Every glance across the dark cab, every moment of eye contact, of almost touching, is overwhelming. Every early morning when he drops me off and we whisper goodbye, I run back to my house, push Gus off my pillows, and collapse into bed feeling wired.

But when I sleep it’s deep and dark and warm and dreamless. I only have a week and a half until we leave for our trip, and while our nights at the studio don’t seem to bring me any closer to Grandmother, I covet them. Every moment with Beau drowns my fear out, but when I wake up from my late-afternoon nap, and the buzz of spending the previous night with him has faded, dread fills me to the brim.

Someone is going to die.

Someone is going to die, and here I am worrying whether Beau and Rachel are back to Whatever They Were since I told him not to wait for me and we don’t see each other outside of the studio.

My Tuesday appointment with Alice goes horribly. I can’t think clearly, and Alice is irritated by my long pauses and short answers. When she asks me to talk about my relationship with Mom, and I respond after thirty seconds with “She’s nice,” Alice slams her notebook shut though we still have half an hour together.

“I can’t work with this, Natalie.”

“Work with what?” I say, at least as annoyed as she is.

“Every session, your emotions cyclone around you like tornadoes, and all you’ll give me is she’s nice.

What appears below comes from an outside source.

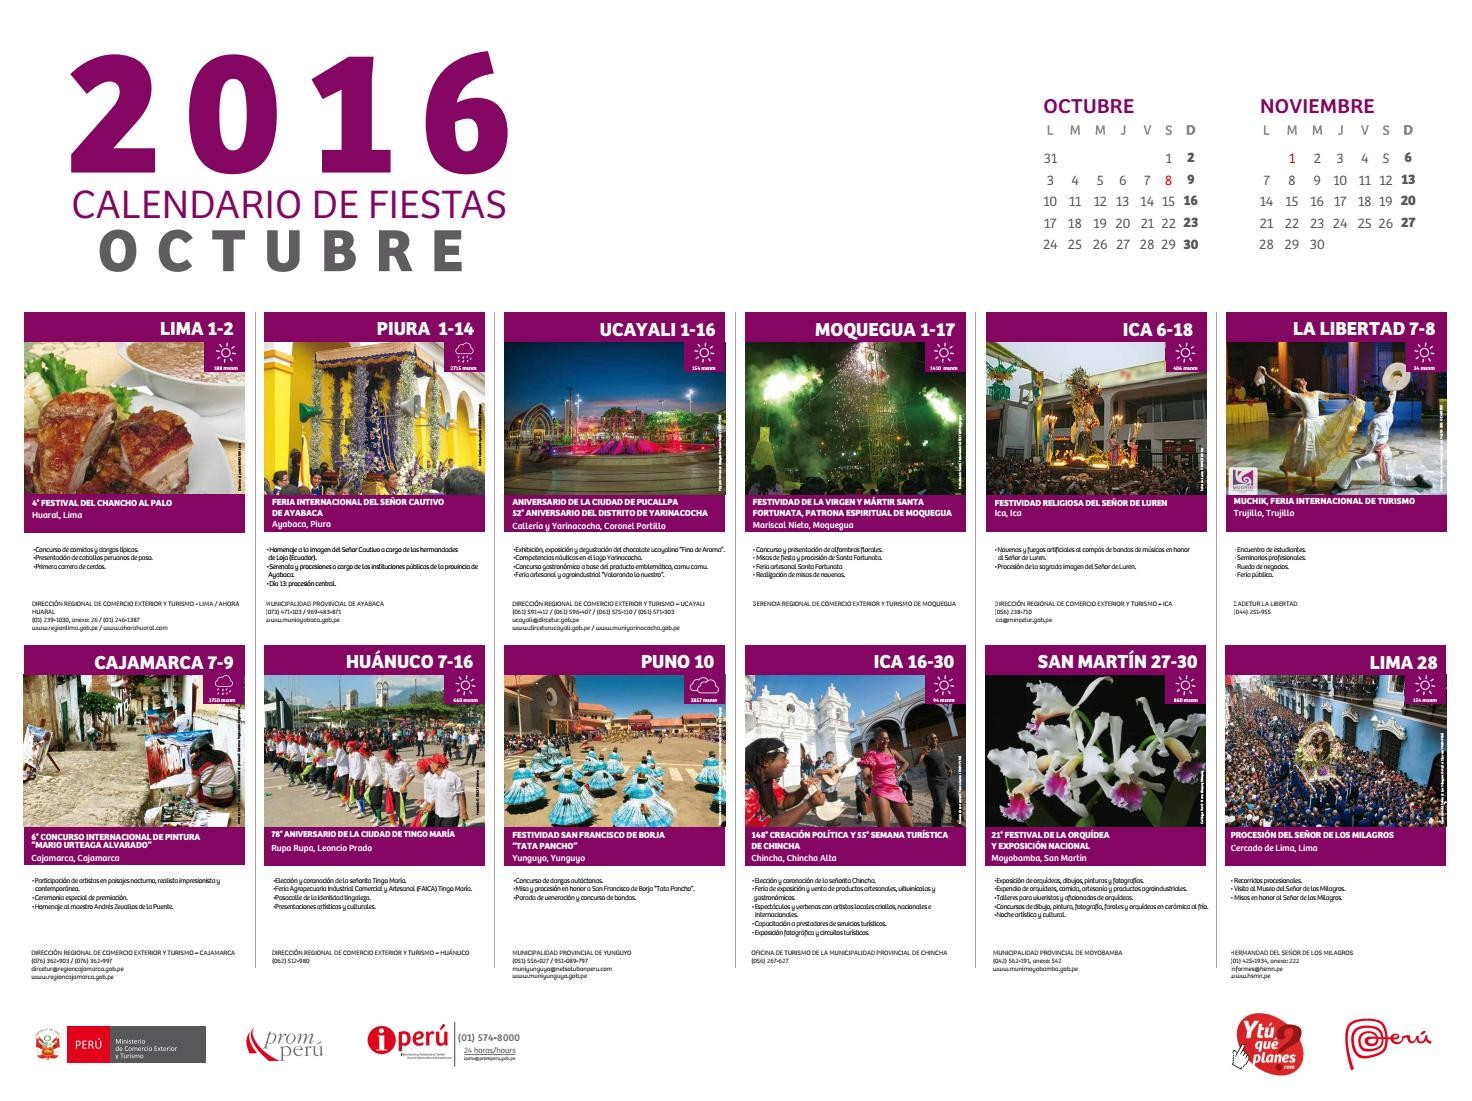 peru calendar octubre 2016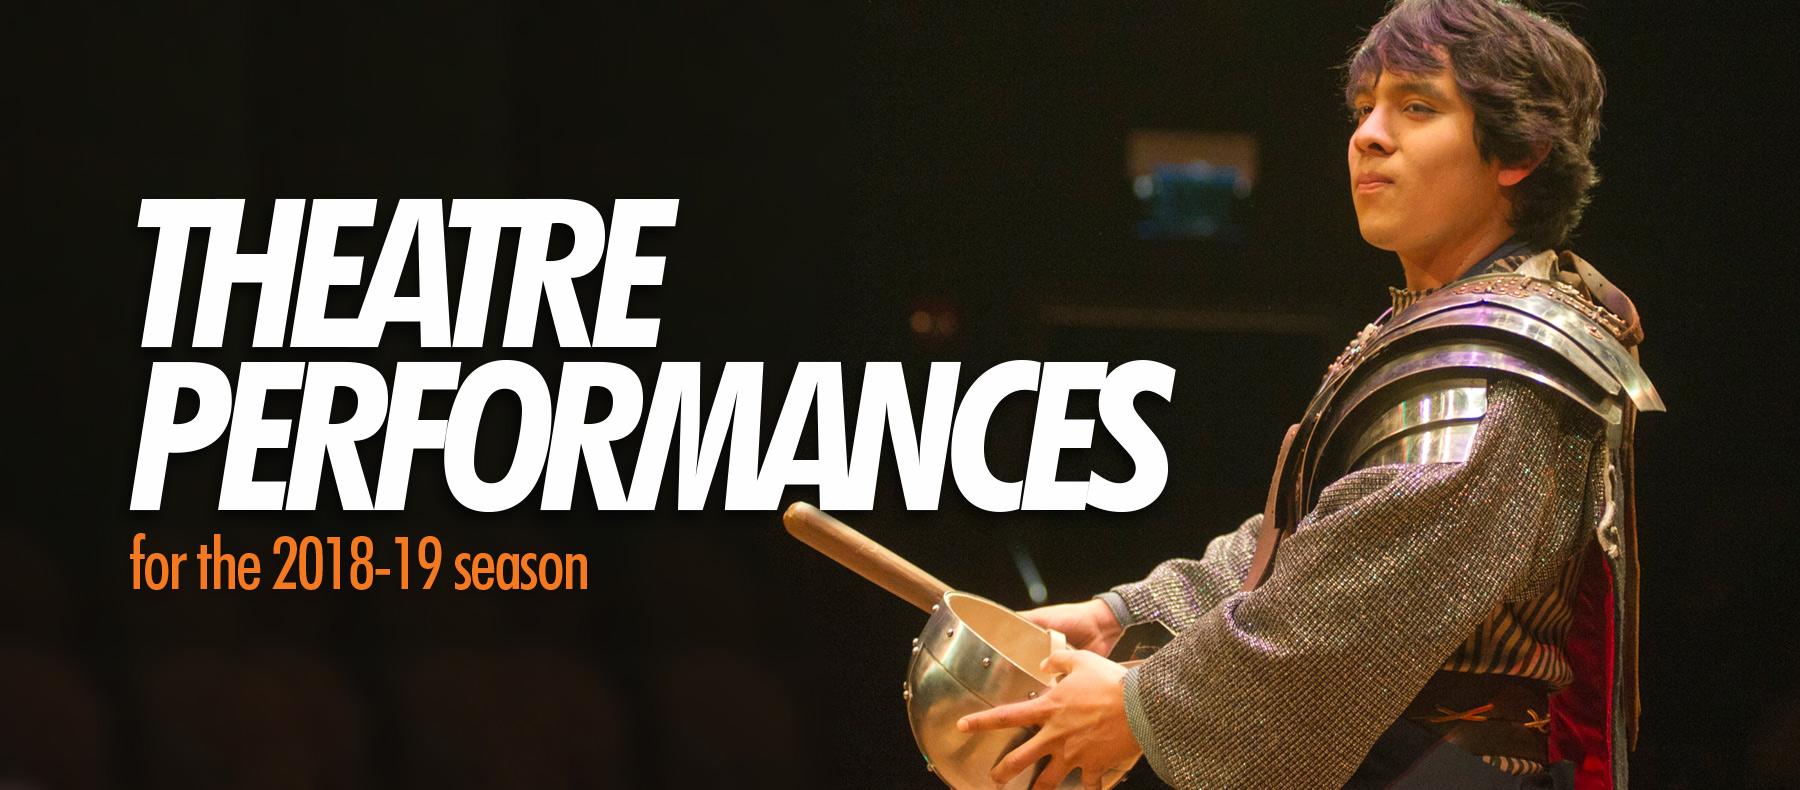 Theatre Performances For The 2018-19 Season

You have to really cut yourself open for counseling to work, and you won’t. You’re trying to kill your feelings to make life easier. You’ve given up. And don’t get me wrong, I appreciate all the new insight you’ve lent to this. But if you’re really so convinced Grandmother is a prophet, or deity, then you know someone’s going to die soon if we don’t crack this. This may be about science for me, but a girl with your already fragile psyche is going to fall to pieces when she lets someone she loves die.”